▶ Task to carry out
What should be copied is the stretch of entries below from the line with "花ピッチクッションのシリコー" up to and including the line with "Sau ồn ào với", exactly and without images.

+++ Input for this task +++

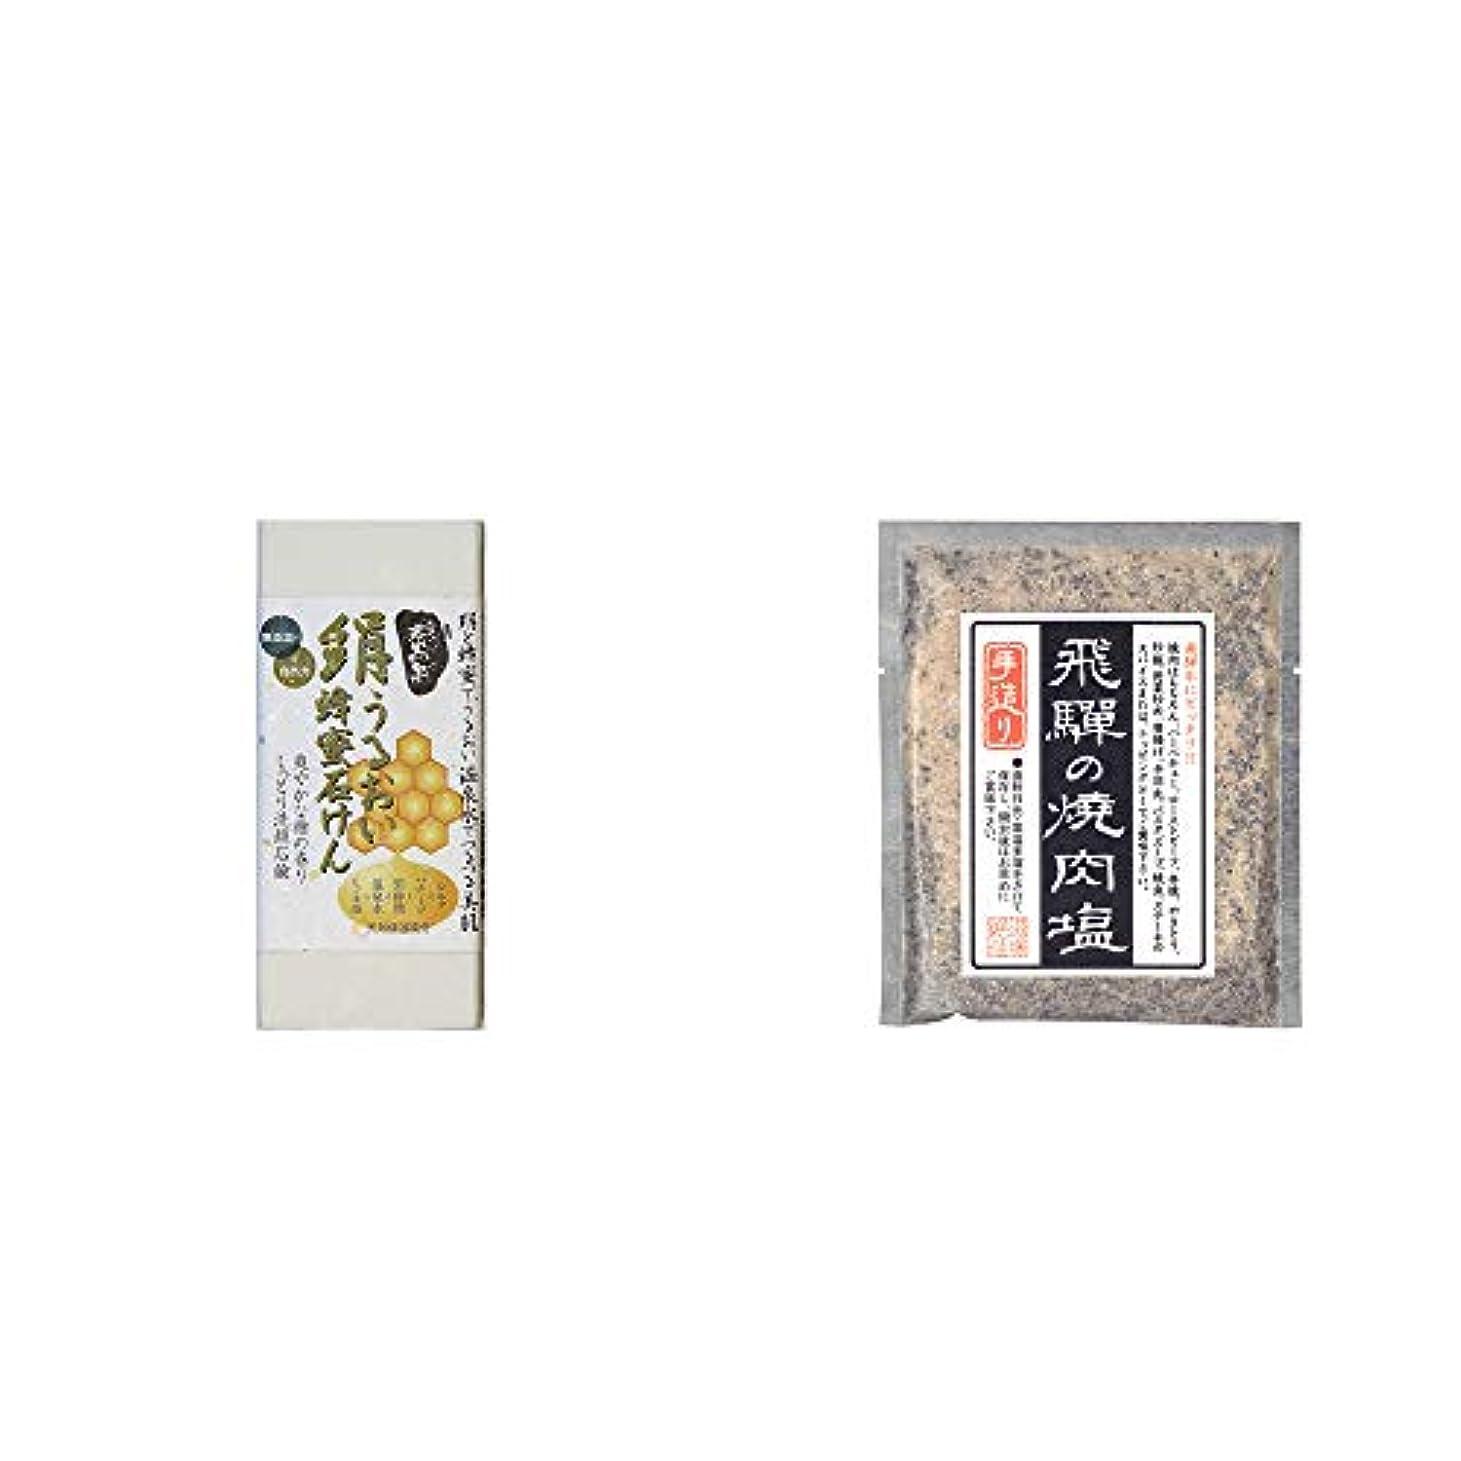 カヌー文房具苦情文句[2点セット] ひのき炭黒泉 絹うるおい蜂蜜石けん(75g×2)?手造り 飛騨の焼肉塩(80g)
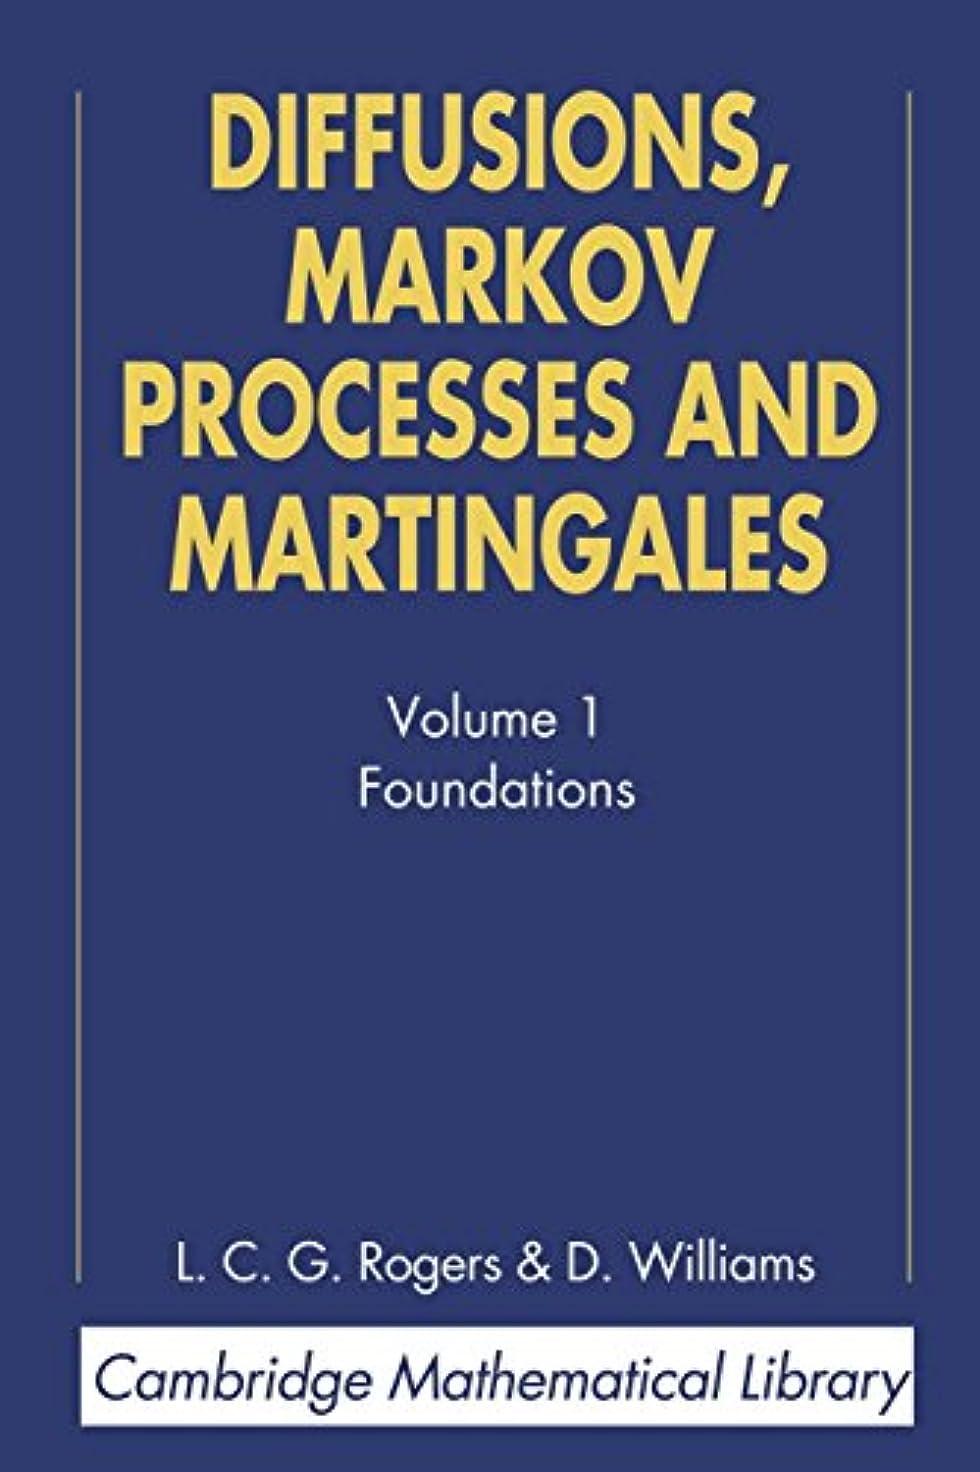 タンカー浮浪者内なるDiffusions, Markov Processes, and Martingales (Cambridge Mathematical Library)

+++
+++ Input for this task +++

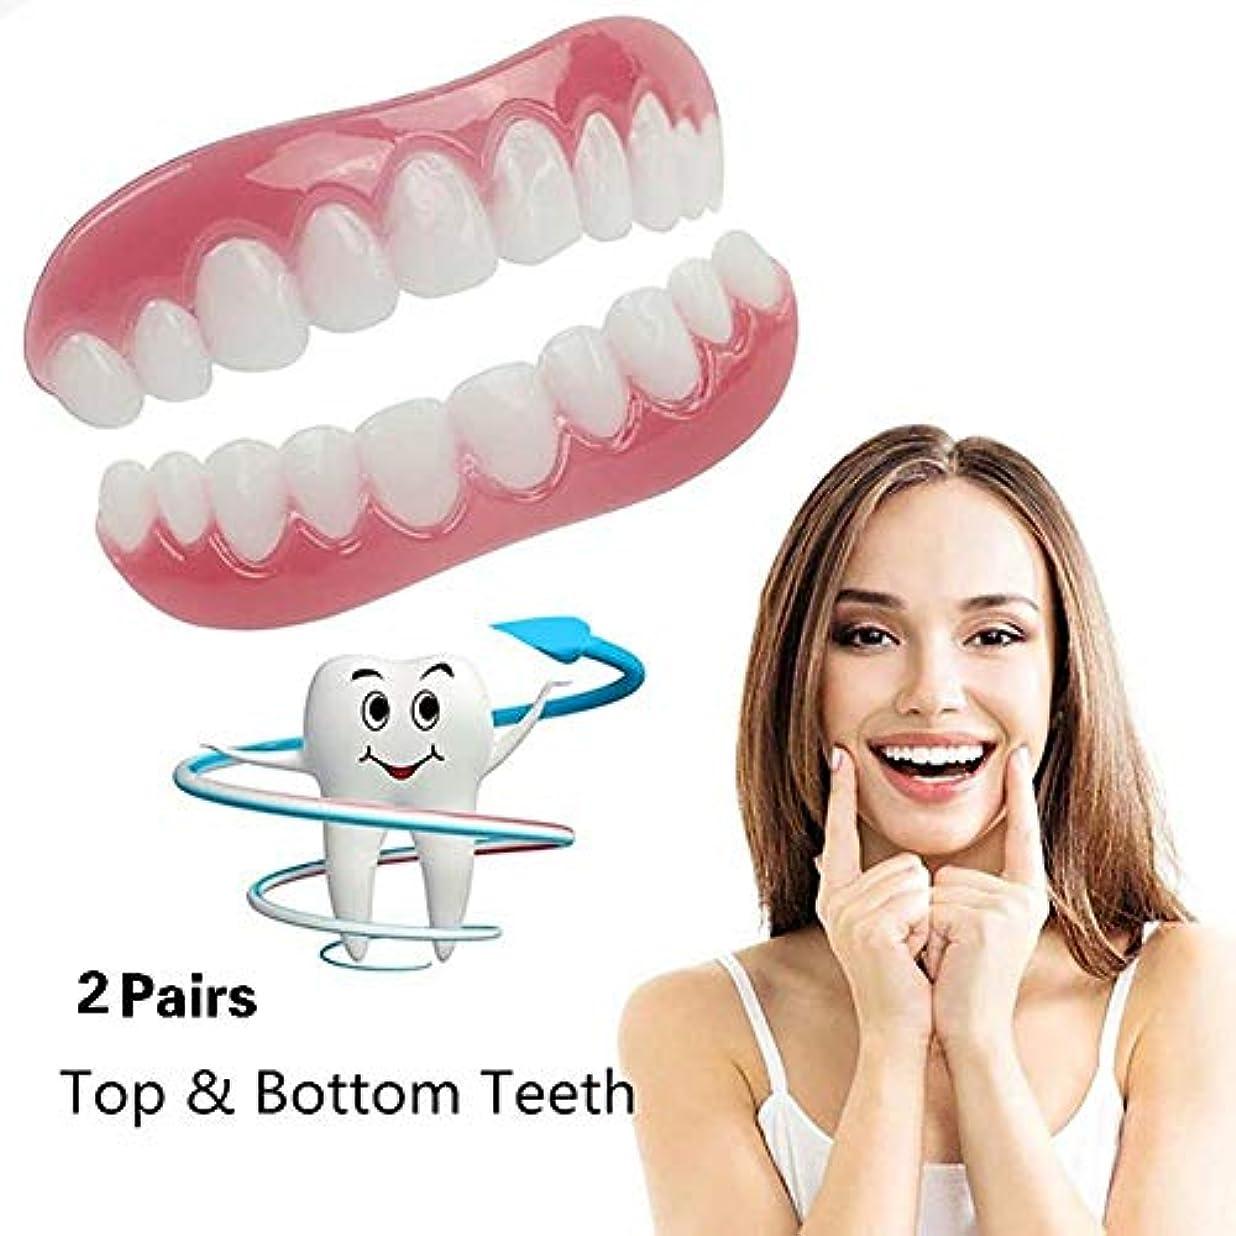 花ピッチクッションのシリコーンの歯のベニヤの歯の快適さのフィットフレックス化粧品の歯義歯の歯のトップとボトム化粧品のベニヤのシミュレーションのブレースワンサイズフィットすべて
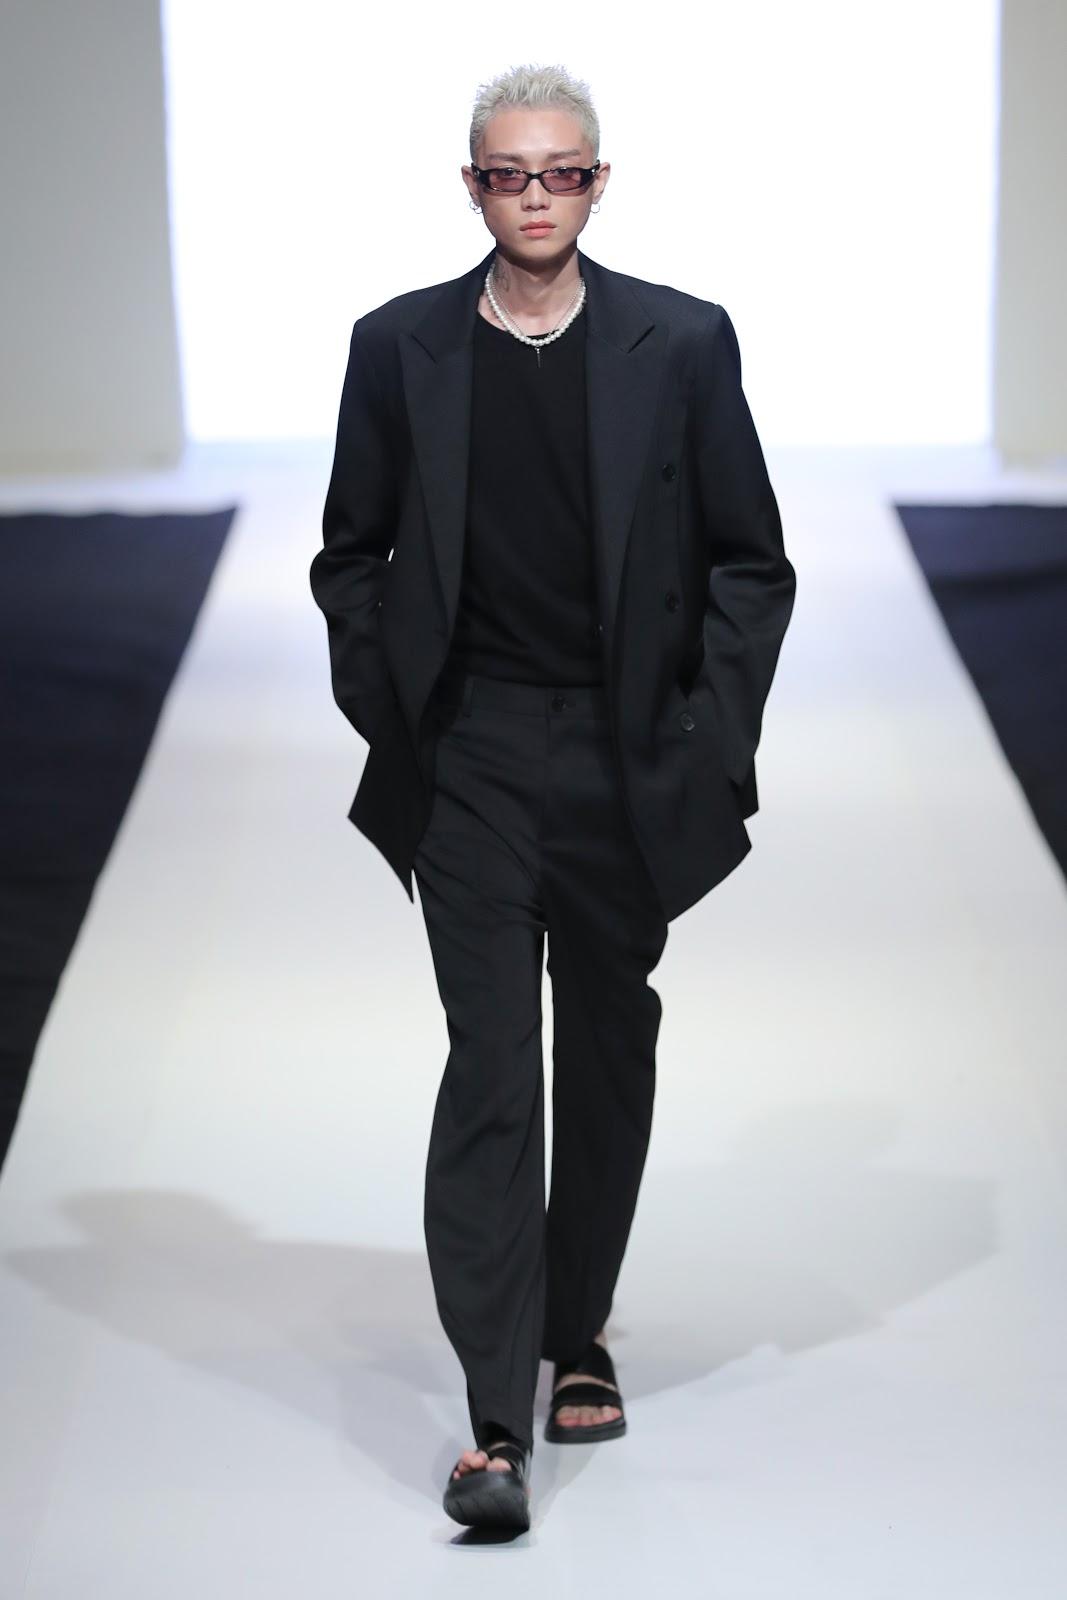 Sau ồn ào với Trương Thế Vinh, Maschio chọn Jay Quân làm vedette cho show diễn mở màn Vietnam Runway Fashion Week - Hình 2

+++

▶ Solved problem
 花ピッチクッションのシリコーンの歯のベニヤの歯の快適さのフィットフレックス化粧品の歯義歯の歯のトップとボトム化粧品のベニヤのシミュレーションのブレースワンサイズフィットすべて
 Sau ồn ào với Trương Thế Vinh, Maschio chọn Jay Quân làm vedette cho show diễn mở màn Vietnam Runway Fashion Week - Hình 2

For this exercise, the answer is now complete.